PROBLEM TO SOLVE — Set down each line of the material that follows exactly, and leave its pictures out.

SUPPLIED DATA —
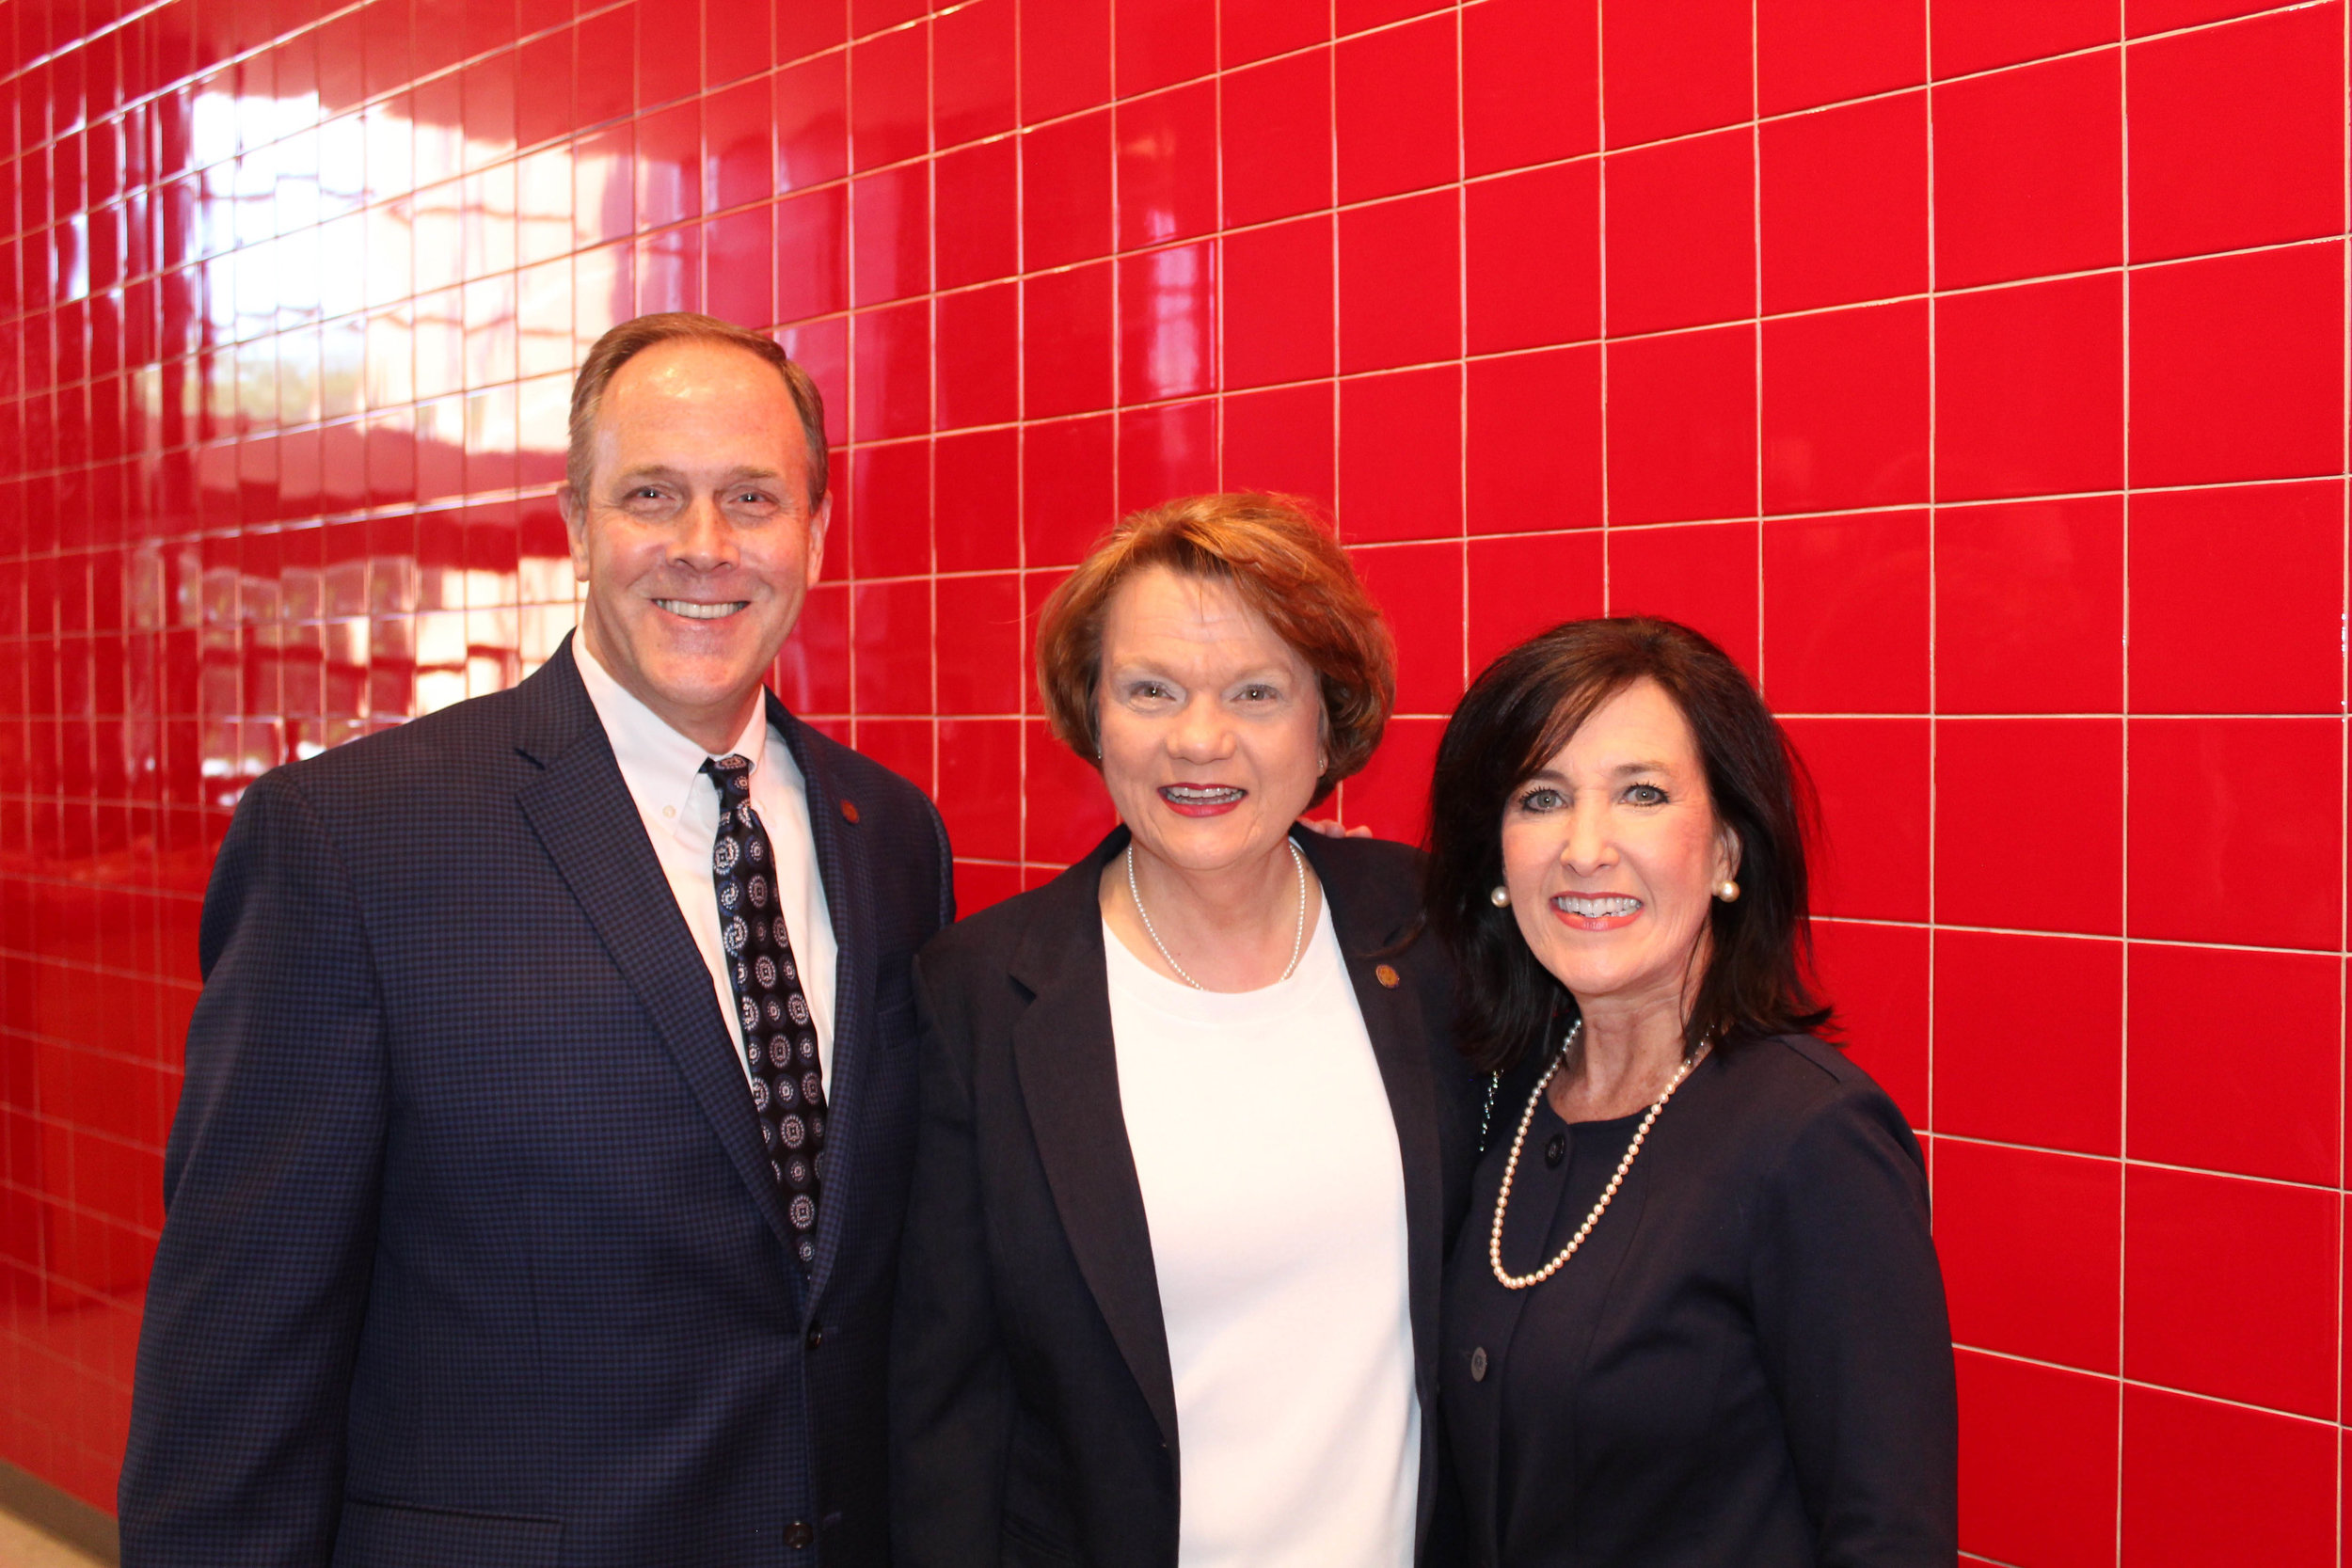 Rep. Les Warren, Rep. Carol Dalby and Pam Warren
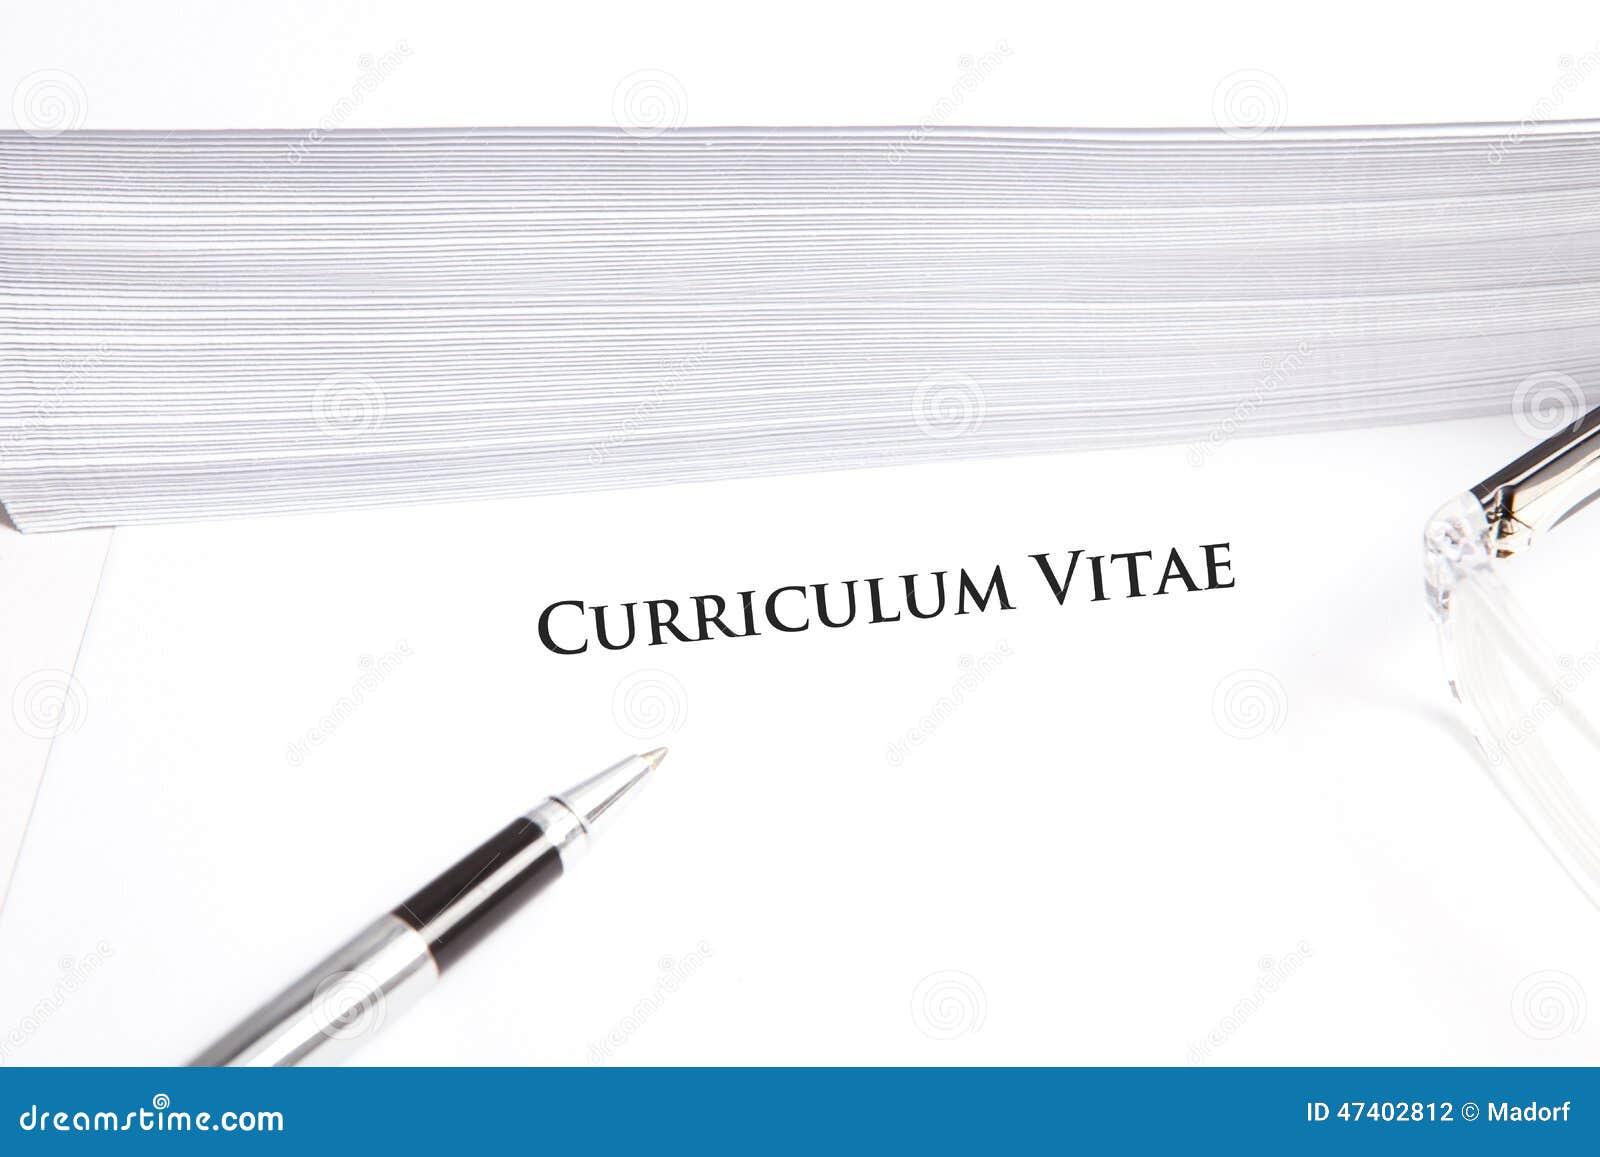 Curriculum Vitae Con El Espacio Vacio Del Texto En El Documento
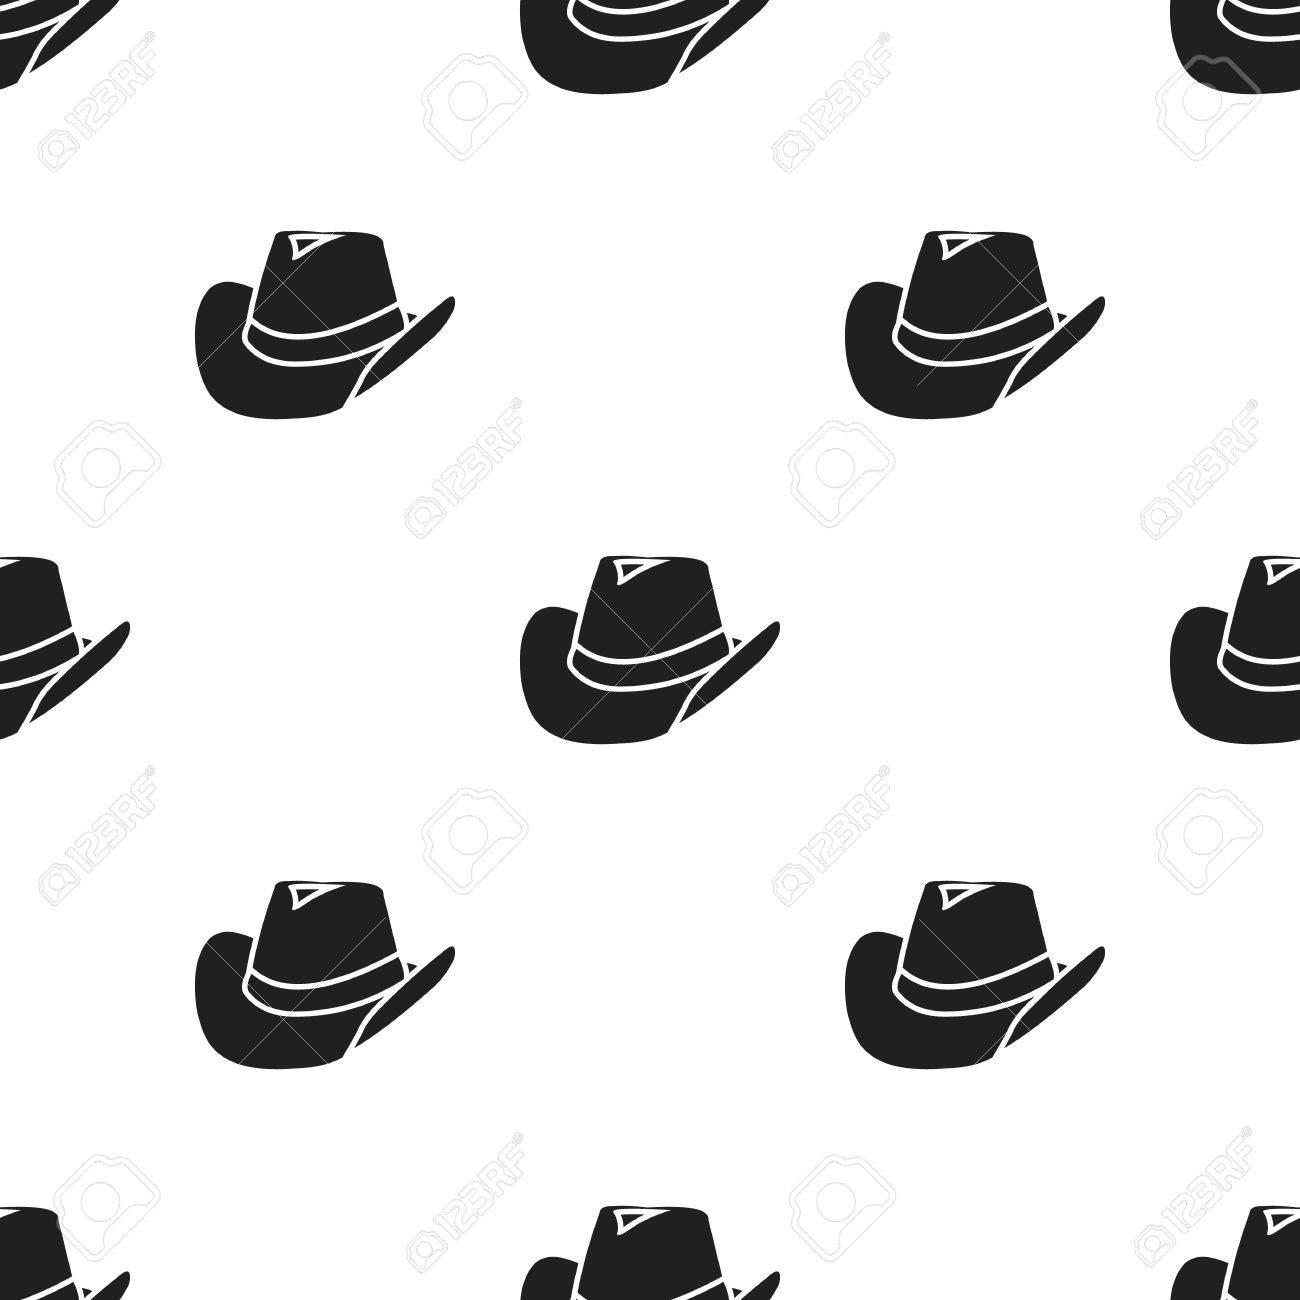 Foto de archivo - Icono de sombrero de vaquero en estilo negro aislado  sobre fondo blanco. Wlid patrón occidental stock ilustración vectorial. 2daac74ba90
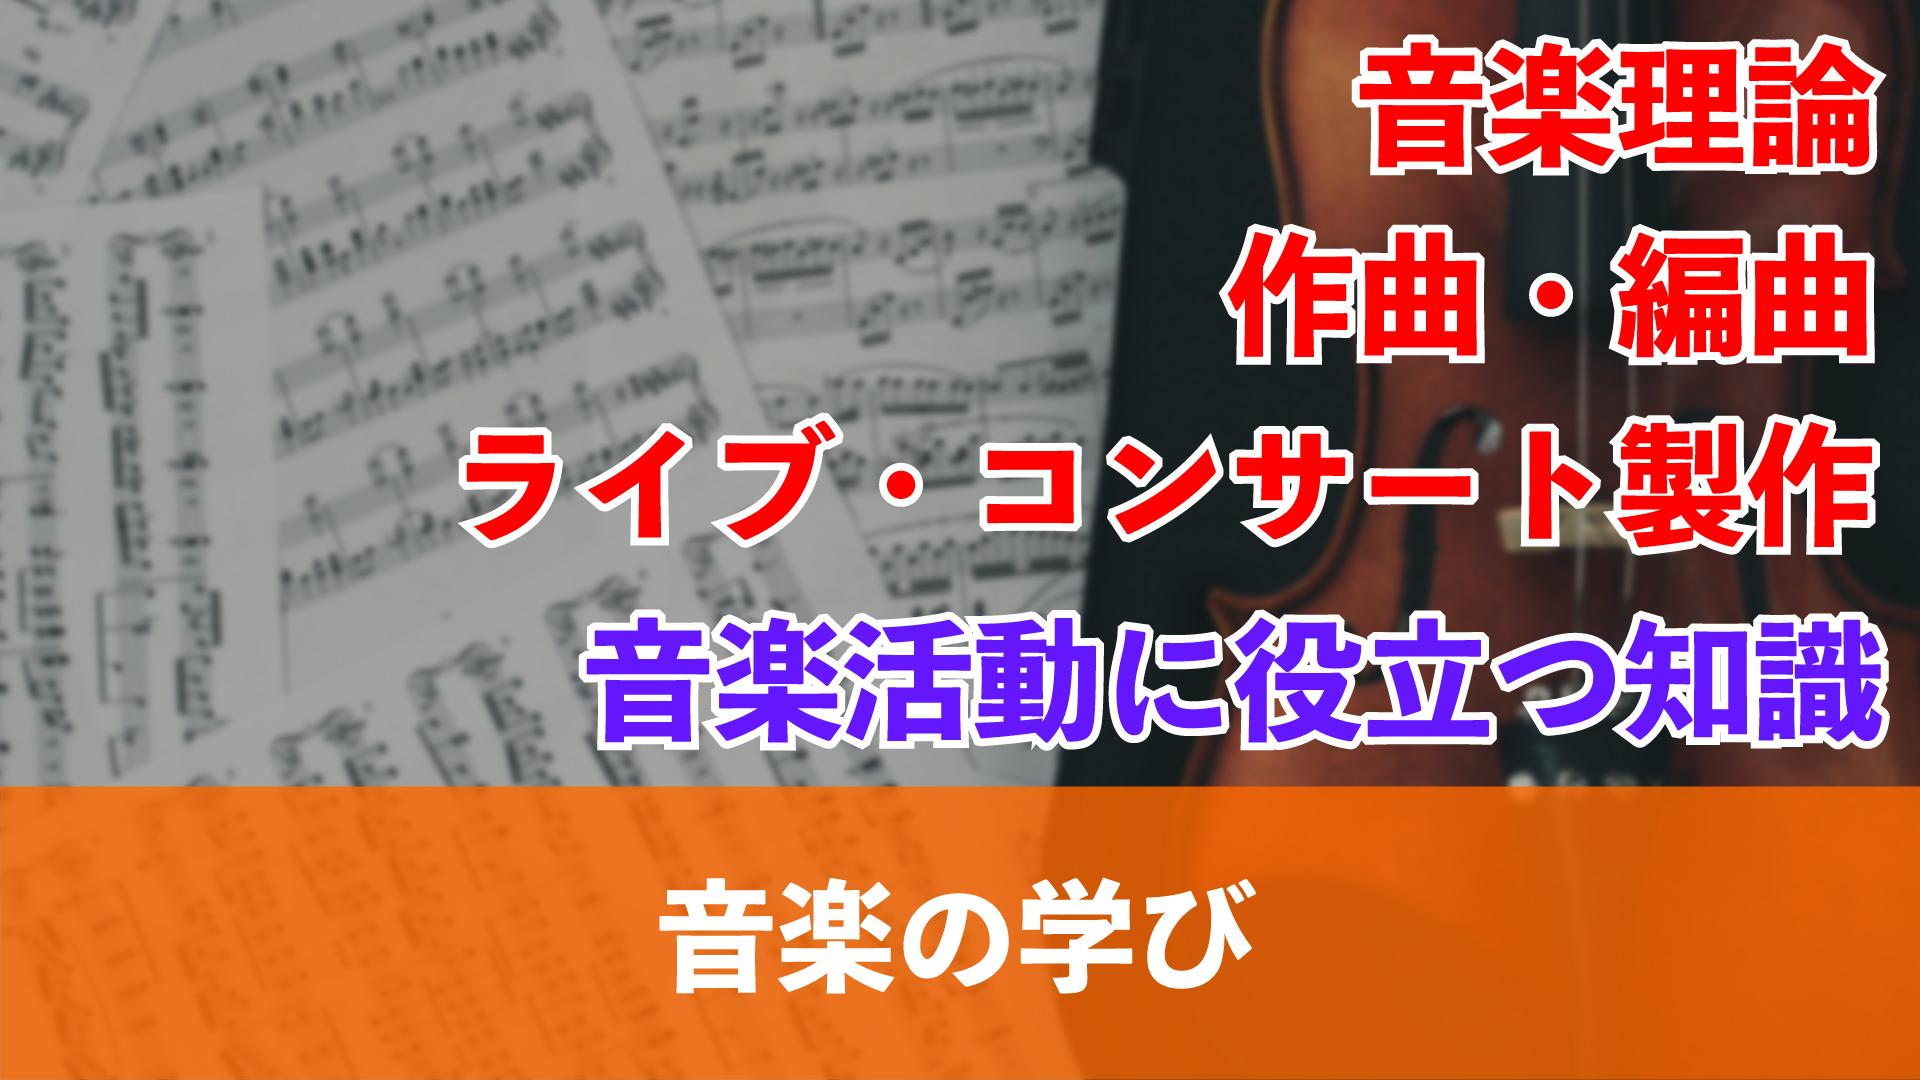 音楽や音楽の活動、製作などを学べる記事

YOUR RESPONSE —
 Rep. Les Warren, Rep. Carol Dalby and Pam Warren
 Curriculum Vitae Con El Espacio Vacio Del Texto En El Documento
 Foto de archivo - Icono de sombrero de vaquero en estilo negro aislado  sobre fondo blanco. Wlid patrón occidental stock ilustración vectorial. 2daac74ba90
 音楽や音楽の活動、製作などを学べる記事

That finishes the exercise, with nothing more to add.